The preliminary voter turnout stood at 86.76 percent. The preliminary results were released after the Supreme Election Board (YSK) lifted a broadcast ban at 7:00 p.m. local time.

More than 54 million citizens were eligible to vote in the elections to elect 550 deputies to Parliament. A total of 183,518 polling stations opened and nearly a million citizens living abroad cast their ballots at 113 embassies and consulates.

The vote was conducted under the closed list proportional representation system and was overseen by observers from civil society groups and political parties as well as international monitors.

Of the 16 parties registered to contest the election, preliminary results suggest four parties passed the 10 percent threshold to gain seats in Parliament.

When compared with the June 7 general elections, the number of votes cast in the Nov. 1 snap elections by voters living abroad increased 233,000 and the participation rate reached 43.7 percent.
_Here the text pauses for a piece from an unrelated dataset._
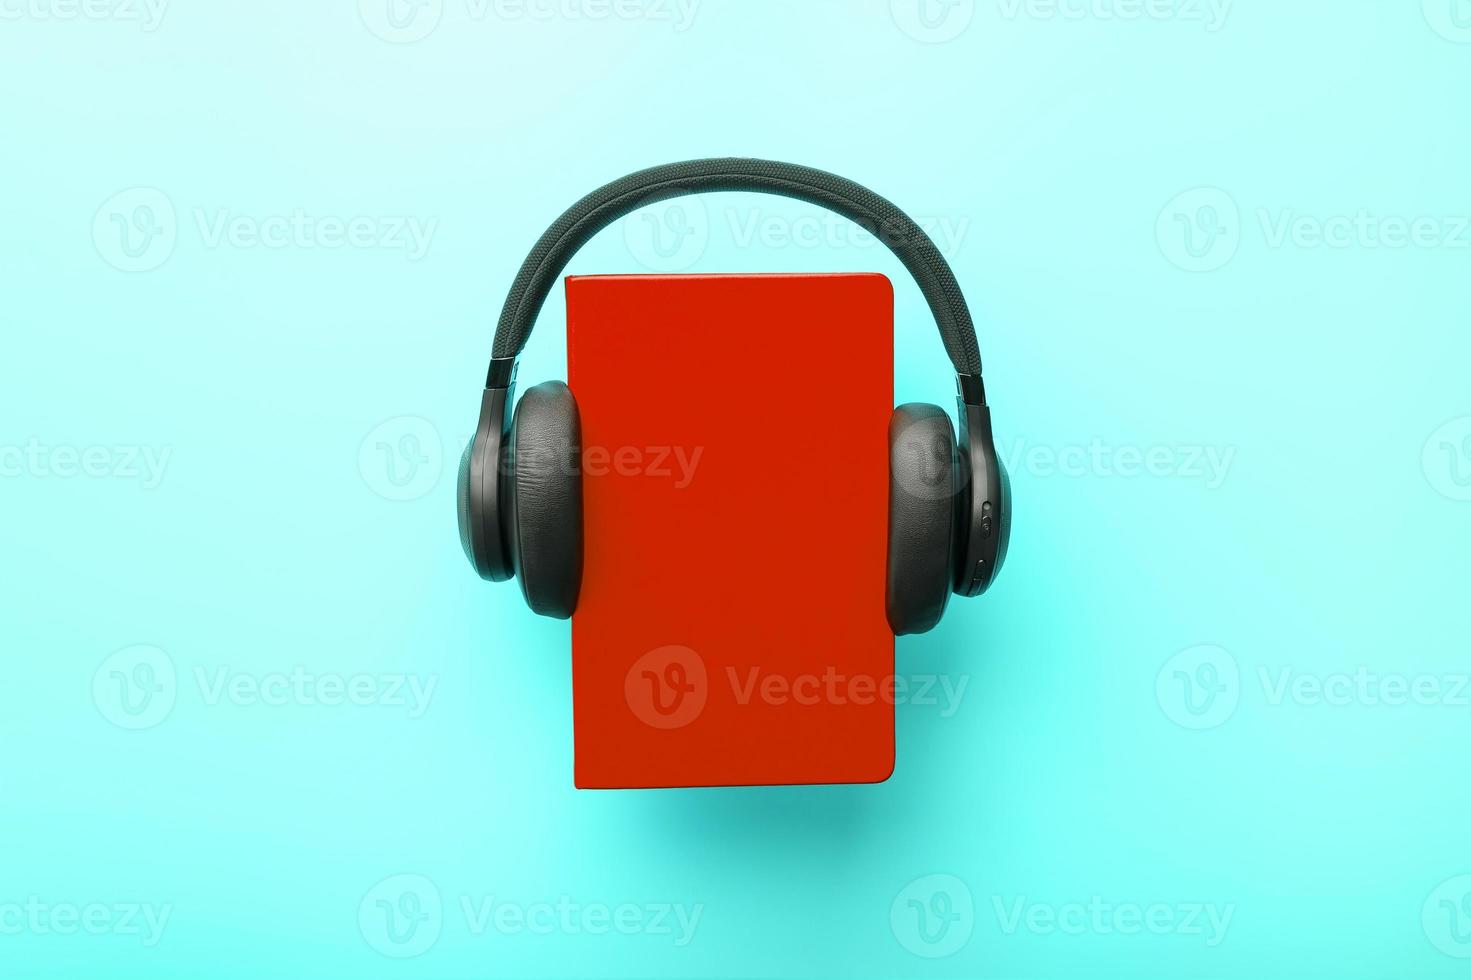 Kopfhörer werden auf einem Buch in einem roten Hardcover auf blauem Hintergrund getragen, Ansicht von oben. foto
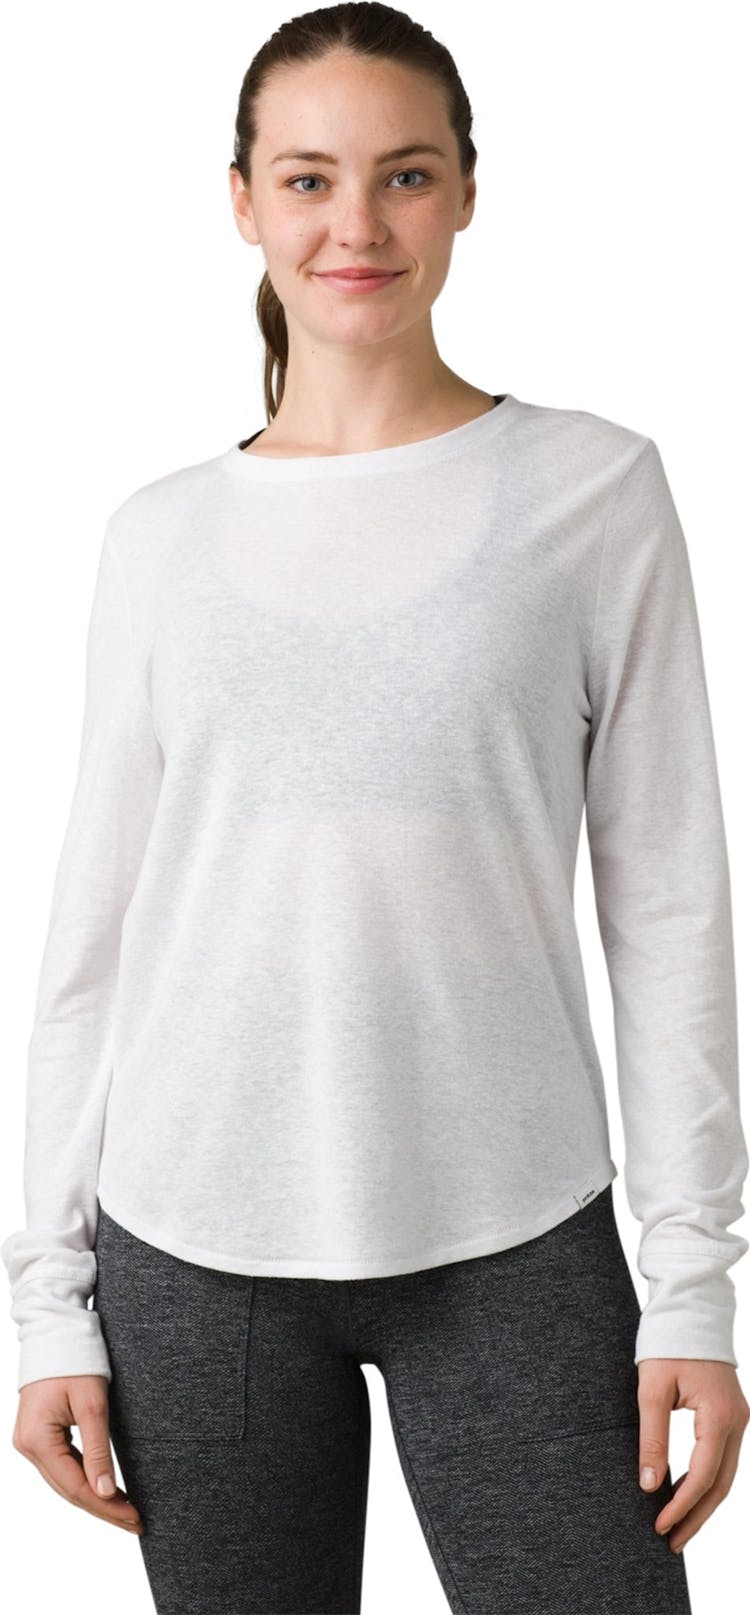 Numéro de l'image de la galerie de produits 1 pour le produit T-shirt à manches longues Cozy Up - Femme

The number of votes cast in Germany alone, home to the largest Turkish community outside of Turkey, increased 19 percent to 100,000 votes while votes from the Netherlands, France, Belgium and the U.K. increased 37,000, 30,000, 9,000 and 7,000, respectively. The number of voters registered abroad was 32,000 more when compared to the June 7 elections.

Ninety ballot boxes were open in Germany, which had 1.41 million registered Turkish voters. Additionally, Turkish expats broke a record in voter turnout in the U.K. for the general elections.